The Financial Industry Regulatory Authority has proposed a rule to ban non-attorney representatives from arbitration and mediation. During its Board of Governors meeting on Dec. 12 and 13, the self-regulatory organization approved a filing with the Securities and Exchange Commission to amend the Codes of Arbitration and Mediation Procedure to prohibit non-attorney representatives from practicing in the FINRA arbitration forum.
FINRA currently allows non-attorney representatives, or NARs, to work with public investors filing securities arbitration claims and during mediation. The NARs are typically an alternative to hiring an attorney for disputes between investors and broker/dealers, FINRA says.
In Oct. 2017, FINRA issued a regulatory notice, reviewing its practice of letting non-attorneys represent investors in arbitration proceedings.
In response to the review, the Public Investors Arbitration Bar Association released a report pointing to a pattern of problems with NARs, many of which claim they’ve had their own run-ins with regulators, and in many cases lacked the ability to adequately represent investors in disputes.
“It’s a good development for investors as non-attorney representatives have caused a great deal of carnage and chaos to retail investors who have been burned by their brokers,” said Andrew Stoltmann, immediate past president of PIABA. “FINRA deserves credit for attempting to bar these outfits.”
FINRA’s own study of NARs showed there are a small number of such firms regularly representing investors. However, some of their practices raised eyebrows.

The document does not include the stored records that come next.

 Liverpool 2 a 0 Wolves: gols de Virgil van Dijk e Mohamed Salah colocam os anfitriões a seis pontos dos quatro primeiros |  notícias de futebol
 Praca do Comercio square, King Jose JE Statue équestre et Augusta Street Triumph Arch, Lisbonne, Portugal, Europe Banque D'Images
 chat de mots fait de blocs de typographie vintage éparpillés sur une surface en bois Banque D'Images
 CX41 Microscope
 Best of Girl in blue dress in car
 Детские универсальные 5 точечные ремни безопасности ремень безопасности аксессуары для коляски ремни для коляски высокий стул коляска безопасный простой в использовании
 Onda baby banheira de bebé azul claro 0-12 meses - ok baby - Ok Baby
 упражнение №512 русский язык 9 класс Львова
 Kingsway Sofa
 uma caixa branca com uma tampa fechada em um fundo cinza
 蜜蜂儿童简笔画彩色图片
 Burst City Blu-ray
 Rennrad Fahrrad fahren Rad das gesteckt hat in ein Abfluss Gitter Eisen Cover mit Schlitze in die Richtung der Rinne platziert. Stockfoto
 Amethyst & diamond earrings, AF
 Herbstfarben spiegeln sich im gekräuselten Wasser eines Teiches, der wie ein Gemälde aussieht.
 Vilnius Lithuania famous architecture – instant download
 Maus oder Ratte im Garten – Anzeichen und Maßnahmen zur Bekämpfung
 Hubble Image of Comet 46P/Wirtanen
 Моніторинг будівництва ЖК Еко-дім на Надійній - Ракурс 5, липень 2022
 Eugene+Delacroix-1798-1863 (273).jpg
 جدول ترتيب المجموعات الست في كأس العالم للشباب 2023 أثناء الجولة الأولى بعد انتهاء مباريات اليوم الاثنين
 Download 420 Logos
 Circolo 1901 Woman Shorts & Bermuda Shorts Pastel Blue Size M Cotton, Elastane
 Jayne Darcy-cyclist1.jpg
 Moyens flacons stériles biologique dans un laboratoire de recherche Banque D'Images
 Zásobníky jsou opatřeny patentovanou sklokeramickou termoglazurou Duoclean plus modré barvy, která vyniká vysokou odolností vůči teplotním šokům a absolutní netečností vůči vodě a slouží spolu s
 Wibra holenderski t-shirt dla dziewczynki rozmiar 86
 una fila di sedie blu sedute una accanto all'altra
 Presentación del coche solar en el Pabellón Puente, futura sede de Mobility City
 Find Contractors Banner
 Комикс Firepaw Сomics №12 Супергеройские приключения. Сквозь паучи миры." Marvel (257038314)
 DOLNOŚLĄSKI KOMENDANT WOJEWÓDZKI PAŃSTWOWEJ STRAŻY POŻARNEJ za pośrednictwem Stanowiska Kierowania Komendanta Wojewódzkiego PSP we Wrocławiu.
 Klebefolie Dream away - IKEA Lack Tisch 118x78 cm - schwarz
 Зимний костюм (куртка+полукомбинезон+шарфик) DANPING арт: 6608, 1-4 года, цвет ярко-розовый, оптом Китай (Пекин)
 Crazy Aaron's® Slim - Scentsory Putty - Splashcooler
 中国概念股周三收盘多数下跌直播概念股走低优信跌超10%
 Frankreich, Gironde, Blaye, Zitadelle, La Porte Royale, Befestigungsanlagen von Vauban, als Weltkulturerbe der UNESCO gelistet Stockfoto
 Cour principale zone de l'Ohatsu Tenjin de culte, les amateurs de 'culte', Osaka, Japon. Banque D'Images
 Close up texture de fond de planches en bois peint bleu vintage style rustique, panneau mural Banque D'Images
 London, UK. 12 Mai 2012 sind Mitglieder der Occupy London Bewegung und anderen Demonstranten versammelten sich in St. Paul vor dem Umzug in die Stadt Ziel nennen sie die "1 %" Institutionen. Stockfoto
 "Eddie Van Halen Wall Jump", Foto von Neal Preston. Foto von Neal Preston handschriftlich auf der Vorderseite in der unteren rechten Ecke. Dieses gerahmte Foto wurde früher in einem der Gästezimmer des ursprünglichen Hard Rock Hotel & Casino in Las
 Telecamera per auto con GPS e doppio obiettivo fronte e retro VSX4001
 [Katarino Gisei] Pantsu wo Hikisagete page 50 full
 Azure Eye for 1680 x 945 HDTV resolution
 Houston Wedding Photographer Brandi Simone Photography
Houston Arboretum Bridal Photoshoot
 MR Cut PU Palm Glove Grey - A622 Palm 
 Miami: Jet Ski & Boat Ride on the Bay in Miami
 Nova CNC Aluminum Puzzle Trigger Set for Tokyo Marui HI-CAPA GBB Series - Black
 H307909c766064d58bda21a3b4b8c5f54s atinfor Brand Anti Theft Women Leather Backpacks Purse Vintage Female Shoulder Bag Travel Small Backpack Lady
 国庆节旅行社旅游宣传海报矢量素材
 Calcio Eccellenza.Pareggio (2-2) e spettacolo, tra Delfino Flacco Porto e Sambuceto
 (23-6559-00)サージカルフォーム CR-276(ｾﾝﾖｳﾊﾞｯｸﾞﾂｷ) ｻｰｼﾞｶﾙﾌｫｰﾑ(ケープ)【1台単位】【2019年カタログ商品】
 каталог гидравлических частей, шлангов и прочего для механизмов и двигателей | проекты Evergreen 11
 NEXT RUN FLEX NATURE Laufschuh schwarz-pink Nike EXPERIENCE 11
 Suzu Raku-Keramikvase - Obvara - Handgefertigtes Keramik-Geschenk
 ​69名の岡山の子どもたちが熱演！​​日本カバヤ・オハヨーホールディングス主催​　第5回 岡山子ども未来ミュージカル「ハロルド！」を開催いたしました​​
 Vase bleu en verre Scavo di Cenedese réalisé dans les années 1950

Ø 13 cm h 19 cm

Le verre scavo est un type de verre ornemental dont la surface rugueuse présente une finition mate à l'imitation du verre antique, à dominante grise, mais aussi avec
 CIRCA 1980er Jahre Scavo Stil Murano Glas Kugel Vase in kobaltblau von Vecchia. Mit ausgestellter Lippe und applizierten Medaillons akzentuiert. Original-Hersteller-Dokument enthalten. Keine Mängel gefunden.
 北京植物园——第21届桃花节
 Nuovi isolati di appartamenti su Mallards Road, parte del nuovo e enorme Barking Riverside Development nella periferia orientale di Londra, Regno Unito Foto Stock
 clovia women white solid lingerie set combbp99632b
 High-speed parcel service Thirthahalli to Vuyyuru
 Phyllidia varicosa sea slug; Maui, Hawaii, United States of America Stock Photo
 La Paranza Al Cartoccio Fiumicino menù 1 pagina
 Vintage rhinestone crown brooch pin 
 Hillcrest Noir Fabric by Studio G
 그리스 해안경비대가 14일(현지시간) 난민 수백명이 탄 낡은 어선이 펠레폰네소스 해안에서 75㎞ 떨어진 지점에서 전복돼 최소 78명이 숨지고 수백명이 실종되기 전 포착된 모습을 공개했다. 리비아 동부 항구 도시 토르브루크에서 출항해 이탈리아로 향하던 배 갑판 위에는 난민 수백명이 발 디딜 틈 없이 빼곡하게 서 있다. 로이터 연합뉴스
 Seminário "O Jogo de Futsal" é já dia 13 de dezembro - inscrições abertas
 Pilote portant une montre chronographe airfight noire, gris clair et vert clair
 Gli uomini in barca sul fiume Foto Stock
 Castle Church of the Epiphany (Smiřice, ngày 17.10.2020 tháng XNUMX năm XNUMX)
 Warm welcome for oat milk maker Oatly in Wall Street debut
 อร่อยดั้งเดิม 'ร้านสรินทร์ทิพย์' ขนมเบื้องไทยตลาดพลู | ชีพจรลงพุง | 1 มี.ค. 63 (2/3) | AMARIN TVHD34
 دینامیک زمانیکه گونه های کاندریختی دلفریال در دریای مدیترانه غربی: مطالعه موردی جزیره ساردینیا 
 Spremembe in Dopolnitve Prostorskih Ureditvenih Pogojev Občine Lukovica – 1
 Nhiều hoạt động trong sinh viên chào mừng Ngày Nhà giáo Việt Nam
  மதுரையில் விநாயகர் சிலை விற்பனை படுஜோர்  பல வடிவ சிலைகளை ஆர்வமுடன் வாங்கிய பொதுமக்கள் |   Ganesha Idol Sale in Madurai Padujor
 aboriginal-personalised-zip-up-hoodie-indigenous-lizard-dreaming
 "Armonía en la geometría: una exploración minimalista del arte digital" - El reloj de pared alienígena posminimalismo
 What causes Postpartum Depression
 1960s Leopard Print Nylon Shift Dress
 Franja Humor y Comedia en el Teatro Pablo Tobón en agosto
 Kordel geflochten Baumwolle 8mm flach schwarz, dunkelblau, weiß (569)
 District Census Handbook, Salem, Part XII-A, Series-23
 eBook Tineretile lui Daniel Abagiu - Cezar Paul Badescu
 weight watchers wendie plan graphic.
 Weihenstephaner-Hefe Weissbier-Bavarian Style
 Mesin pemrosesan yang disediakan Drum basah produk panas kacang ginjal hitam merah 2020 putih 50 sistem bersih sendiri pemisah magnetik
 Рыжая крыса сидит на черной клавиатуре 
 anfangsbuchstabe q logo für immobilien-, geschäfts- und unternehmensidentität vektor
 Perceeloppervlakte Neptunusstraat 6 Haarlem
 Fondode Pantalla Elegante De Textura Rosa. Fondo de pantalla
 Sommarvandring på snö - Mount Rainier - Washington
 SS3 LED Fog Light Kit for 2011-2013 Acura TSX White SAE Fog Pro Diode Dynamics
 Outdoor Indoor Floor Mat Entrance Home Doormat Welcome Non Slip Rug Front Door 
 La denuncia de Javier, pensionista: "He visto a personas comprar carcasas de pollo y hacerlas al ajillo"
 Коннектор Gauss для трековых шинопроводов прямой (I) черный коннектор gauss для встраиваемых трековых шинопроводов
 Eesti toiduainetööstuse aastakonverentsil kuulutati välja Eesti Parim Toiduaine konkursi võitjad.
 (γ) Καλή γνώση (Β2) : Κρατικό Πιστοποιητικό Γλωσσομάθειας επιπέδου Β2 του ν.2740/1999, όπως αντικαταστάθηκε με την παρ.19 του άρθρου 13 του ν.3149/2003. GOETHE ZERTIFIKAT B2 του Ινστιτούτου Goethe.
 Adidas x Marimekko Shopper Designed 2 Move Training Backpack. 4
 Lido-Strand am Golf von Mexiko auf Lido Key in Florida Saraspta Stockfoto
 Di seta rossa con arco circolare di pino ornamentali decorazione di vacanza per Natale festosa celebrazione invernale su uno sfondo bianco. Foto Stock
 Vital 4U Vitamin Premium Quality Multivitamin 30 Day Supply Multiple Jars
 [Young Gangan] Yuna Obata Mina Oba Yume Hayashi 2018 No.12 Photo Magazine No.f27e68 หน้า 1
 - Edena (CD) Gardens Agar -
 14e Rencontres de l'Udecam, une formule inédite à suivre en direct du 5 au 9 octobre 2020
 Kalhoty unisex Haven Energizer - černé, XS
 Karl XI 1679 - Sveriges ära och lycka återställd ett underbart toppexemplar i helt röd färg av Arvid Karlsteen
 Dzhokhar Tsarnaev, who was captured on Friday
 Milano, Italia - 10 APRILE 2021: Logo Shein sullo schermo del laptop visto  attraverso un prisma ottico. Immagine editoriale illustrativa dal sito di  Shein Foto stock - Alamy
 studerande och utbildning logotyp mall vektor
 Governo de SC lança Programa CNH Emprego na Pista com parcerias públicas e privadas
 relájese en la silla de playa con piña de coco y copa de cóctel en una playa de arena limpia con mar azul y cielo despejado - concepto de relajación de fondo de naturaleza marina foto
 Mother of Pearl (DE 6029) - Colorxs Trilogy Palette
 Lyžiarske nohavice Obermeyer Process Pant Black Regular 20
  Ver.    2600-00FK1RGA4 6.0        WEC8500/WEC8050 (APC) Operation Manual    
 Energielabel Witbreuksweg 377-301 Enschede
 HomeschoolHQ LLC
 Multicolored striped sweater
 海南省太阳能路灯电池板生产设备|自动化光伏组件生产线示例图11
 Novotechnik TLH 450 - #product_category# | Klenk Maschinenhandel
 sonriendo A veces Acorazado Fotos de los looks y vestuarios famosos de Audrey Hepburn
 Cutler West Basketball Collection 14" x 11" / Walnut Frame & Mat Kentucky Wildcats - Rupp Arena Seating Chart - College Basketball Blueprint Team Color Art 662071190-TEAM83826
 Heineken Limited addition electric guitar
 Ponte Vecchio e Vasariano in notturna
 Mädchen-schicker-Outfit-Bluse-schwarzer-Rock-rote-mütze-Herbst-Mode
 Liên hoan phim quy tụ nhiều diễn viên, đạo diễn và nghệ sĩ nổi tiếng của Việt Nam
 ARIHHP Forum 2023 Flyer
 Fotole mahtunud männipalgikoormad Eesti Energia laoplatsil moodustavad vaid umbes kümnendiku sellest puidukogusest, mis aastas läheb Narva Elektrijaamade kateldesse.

The notice of the comment period said NARs use arbitration to “employ inappropriate business practices.” They require non-refundable retainer agreements as high as $25,000 and pursue frivolous or stale claims to attempt to elicit settlements. Others are operating illegally by practicing in hearing locations where state law prohibits such representation. They get around that by taking only small claims decided on written submissions.
NARs were also observed posting photos of settlement checks to market their services, a breach of confidentiality provisions in settlement agreements.
In addition, they aren’t held to professional rules and guidelines like attorneys. NARs firms don’t have the same malpractice insurance requirements either.